Update: Xpath version of *[@class~='my-class'] css selector

So after my comment below in response to hakre's comment, I got curious and looked into the code behind Zend_Dom_Query. It looks like the above selector is compiled to the following xpath (untested):

[contains(concat(' ', normalize-space(@class), ' '), ' my-class ')]

So the PHP would be:

$dom = new DomDocument();
$dom->load($filePath);
$finder = new DomXPath($dom);
$classname="my-class";
$nodes = $finder->query("//*[contains(concat(' ', normalize-space(@class), ' '), ' $classname ')]");

Basically, all we do here is normalize the class attribute so that even a single class is bounded by spaces, and the complete class list is bounded in spaces. Then append the class we are searching for with a space.
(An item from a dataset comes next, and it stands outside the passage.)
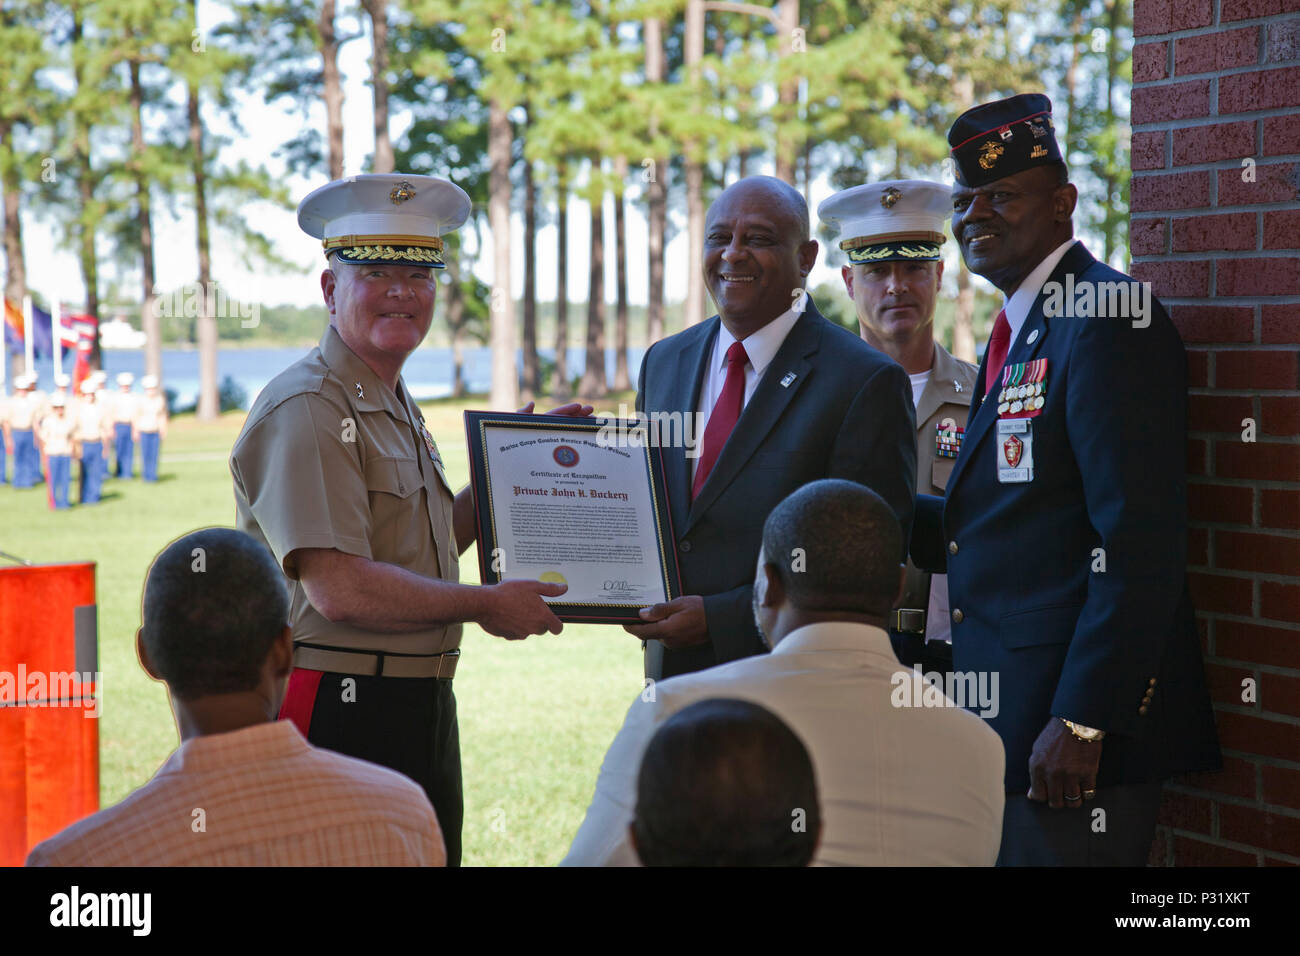 U.S. Marine Corps Maj. Gen. Walter L. Miller, Jr., commanding general of II Marine Expeditionary Force, far left, presents a certificate of recognition to retired. Lt. Col. John C. Dockery on behalf of Pvt. John H. Dockery during the Montford Point Marines'Day ceremony held at Camp Johnson, N.C., August 25, 2016. The annual ceremony was held aboard Camp Johnson to celebrate the legacy of the original Montford Point Marines and the impact they had on the Marine Corps both past and present. (U.S. Marine Corps photo by Lance Cpl. Jose Villalobosrocha) Stock Photo

This way we are effectively looking for and find only instances of my-class .


Use an xpath selector?

$dom = new DomDocument();
$dom->load($filePath);
$finder = new DomXPath($dom);
$classname="my-class";
$nodes = $finder->query("//*[contains(@class, '$classname')]");

If it is only ever one type of element you can replace the * with the particular tagname.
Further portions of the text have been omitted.